PDF(Pubmed)
Abstract:
UNASSIGNED: Ewing\'s sarcoma is the second most common primary malignant bone tumor in children and adolescents, after osteosarcoma. It is a rare tumor, with the axial skeleton being the preferred site of development, followed by the long bones. Diagnosis is evoked by imaging and confirmed by histology. Treatment is based on intensive chemotherapy with local surgical treatment in operable forms, and in some cases, radiotherapy. There are only a few sporadic cases in the literature describing distal fibular localization.
UNASSIGNED: We report the case of a 7-year-old child who presented with pain on the lateral aspect of the left ankle without local inflammatory signs. Radiological findings revealed a metaphyseal-diaphyseal osteolytic tissue process of the left fibula, and histology concluded that it was Ewing\'s sarcoma. We proceeded with neoadjuvant polychemotherapy followed by segmental resection of the distal fibula with an anteroexternal tibial rod, plus tibiotalar, and talocalcaneal arthrodesis without recourse to radiotherapy.
UNASSIGNED: The management of Ewing\'s sarcoma is constantly evolving. Its distal fibular location in a growing limb makes it even more difficult. It must be personalized, multidisciplinary, and carried out in specialized centers.

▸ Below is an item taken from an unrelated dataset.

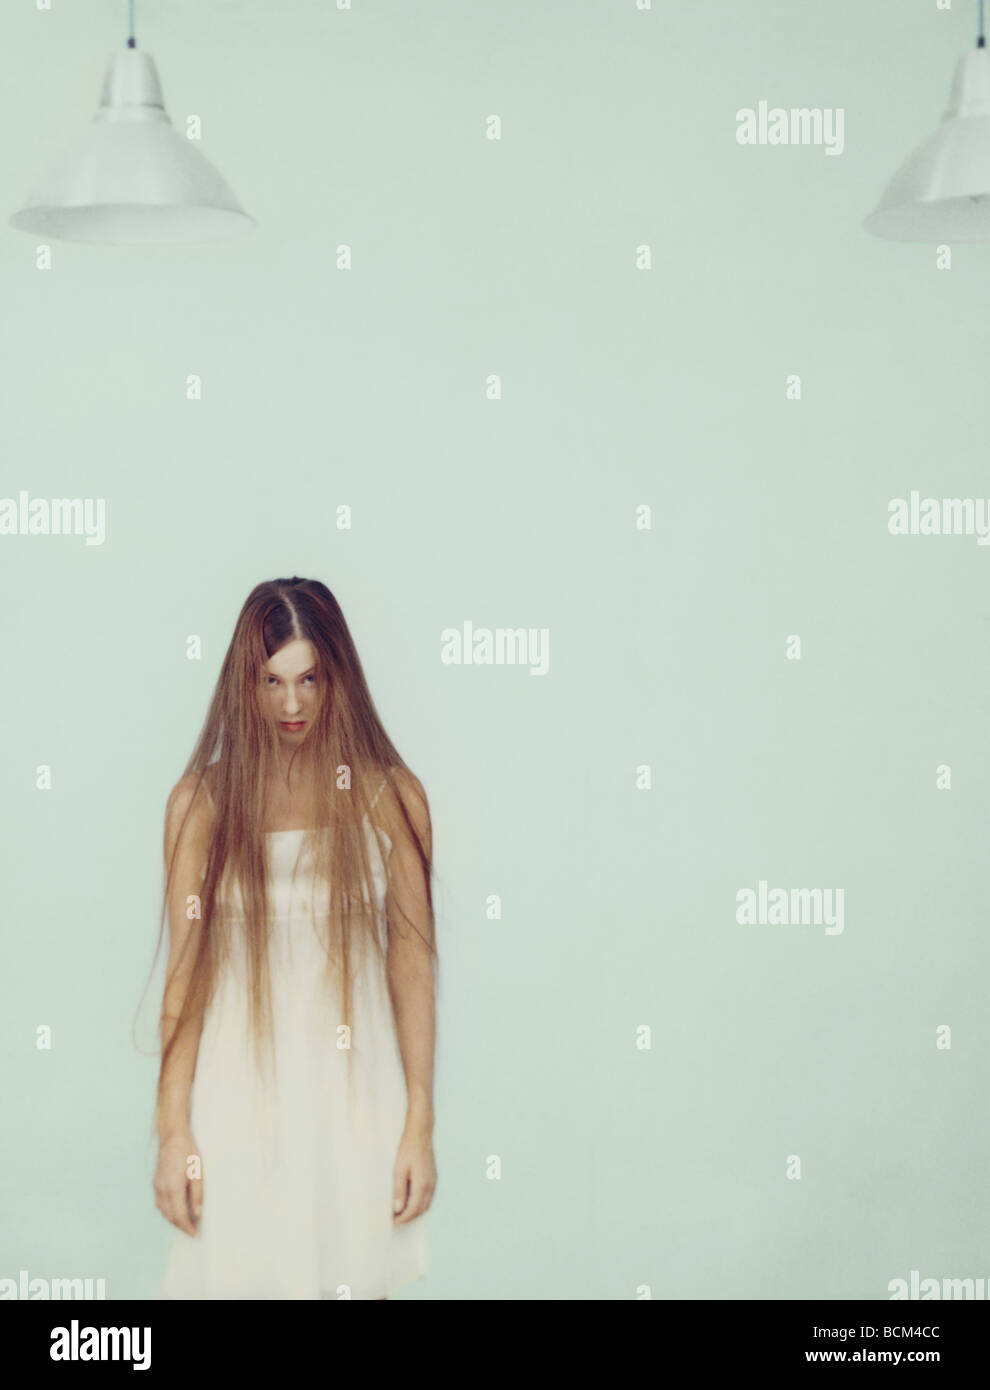 Young woman with messy long hair standing, looking at camera Stock Photo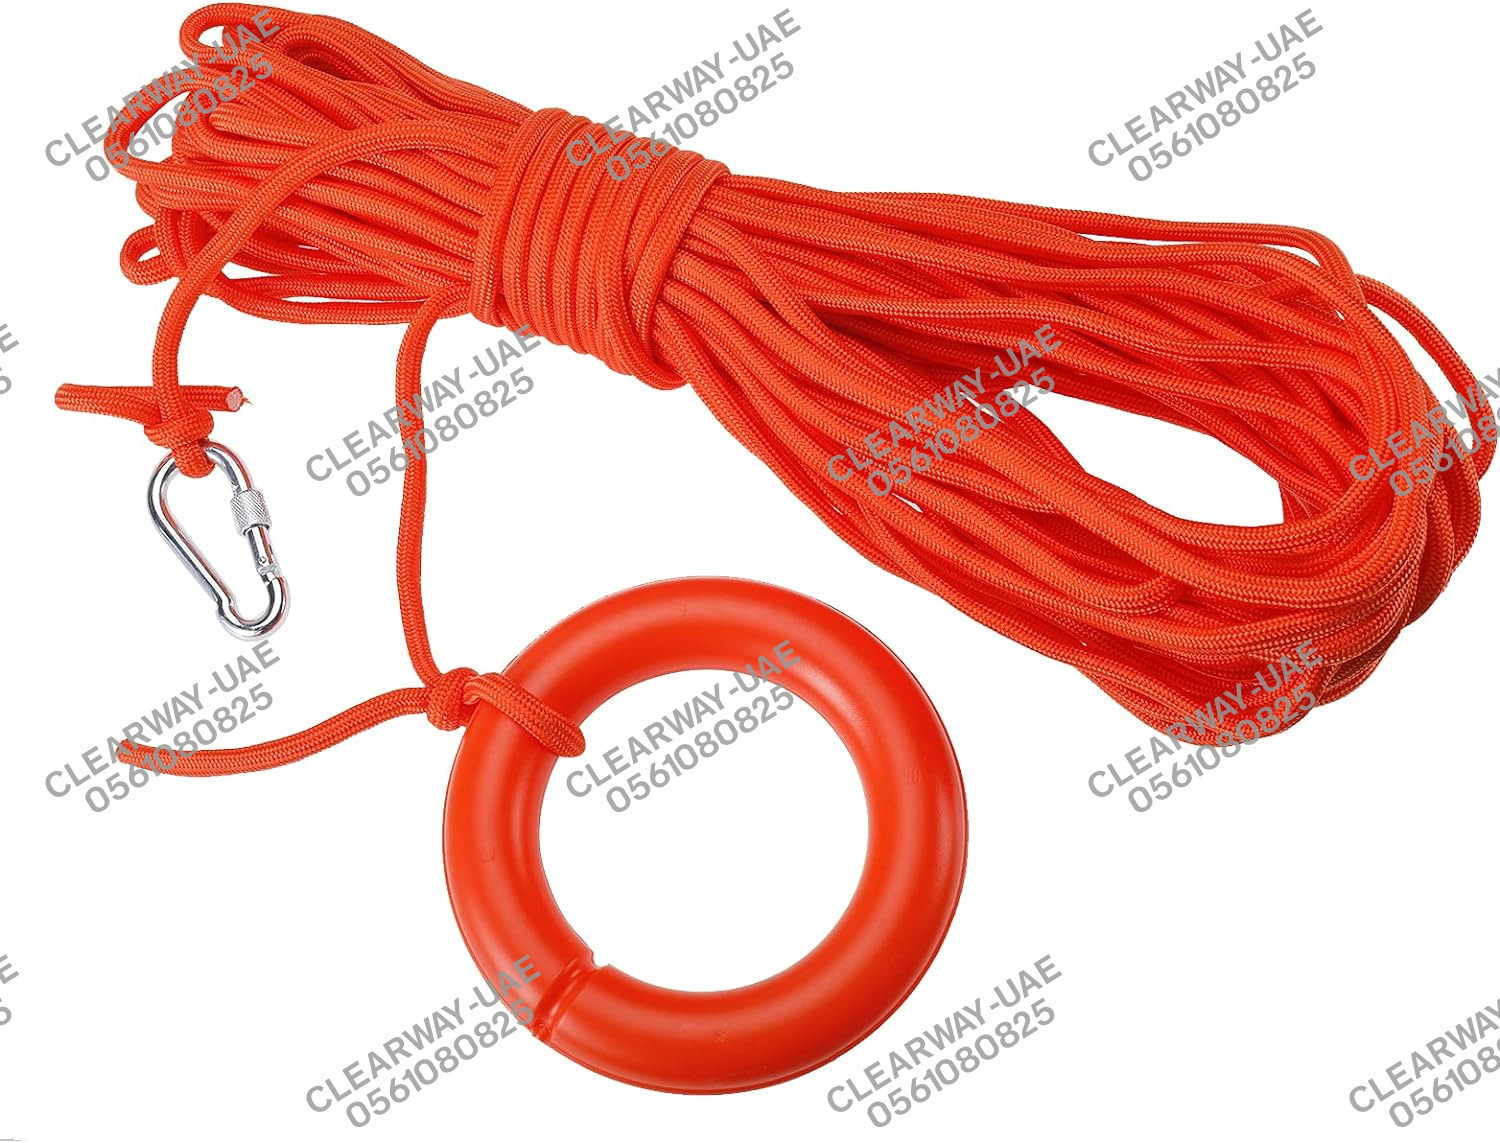 FLOATING LIFE SAVING ROPE SUPPLIER IN ABUDHABI UAE CLEARWAY RYXO SAFETY20

UNASSIGNED: We report the case of a 7-year-old child who presented with pain on the lateral aspect of the left ankle without local inflammatory signs. Radiological findings revealed a metaphyseal-diaphyseal osteolytic tissue process of the left fibula, and histology concluded that it was Ewing\'s sarcoma. We proceeded with neoadjuvant polychemotherapy followed by segmental resection of the distal fibula with an anteroexternal tibial rod, plus tibiotalar, and talocalcaneal arthrodesis without recourse to radiotherapy.
UNASSIGNED: The management of Ewing\'s sarcoma is constantly evolving. Its distal fibular location in a growing limb makes it even more difficult. It must be personalized, multidisciplinary, and carried out in specialized centers.
摘要:
■尤因肉瘤是儿童和青少年第二常见的原发性恶性骨肿瘤,骨肉瘤后。这是一种罕见的肿瘤,轴向骨架是发展的首选部位,接着是长骨。诊断通过影像学诱发并通过组织学证实。治疗基于强化化疗和可手术形式的局部手术治疗,在某些情况下,放射治疗。文献中只有少数零星病例描述腓骨远端定位。
■我们报告了一个7岁儿童的病例,该儿童在左脚踝的外侧出现疼痛,没有局部炎症迹象。放射学发现显示左腓骨的干phy端-干phy端溶骨组织过程,组织学得出结论是尤因肉瘤.我们进行了新辅助综合化疗,然后用胫骨前外棒节段性切除腓骨远端,再加上胫骨,和无放射治疗的距骨关节固定术。
■尤因肉瘤的管理在不断发展。它的腓骨远端在生长的肢体中的位置使其变得更加困难。它必须是个性化的,多学科,并在专业中心进行。
■我们报告了一个7岁儿童的病例,该儿童在左脚踝的外侧出现疼痛,没有局部炎症迹象。放射学发现显示左腓骨的干phy端-干phy端溶骨组织过程,组织学得出结论是尤因肉瘤.我们进行了新辅助综合化疗,然后用胫骨前外棒节段性切除腓骨远端,再加上胫骨,和无放射治疗的距骨关节固定术。
■尤因肉瘤的管理在不断发展。它的腓骨远端在生长的肢体中的位置使其变得更加困难。它必须是个性化的,多学科,并在专业中心进行。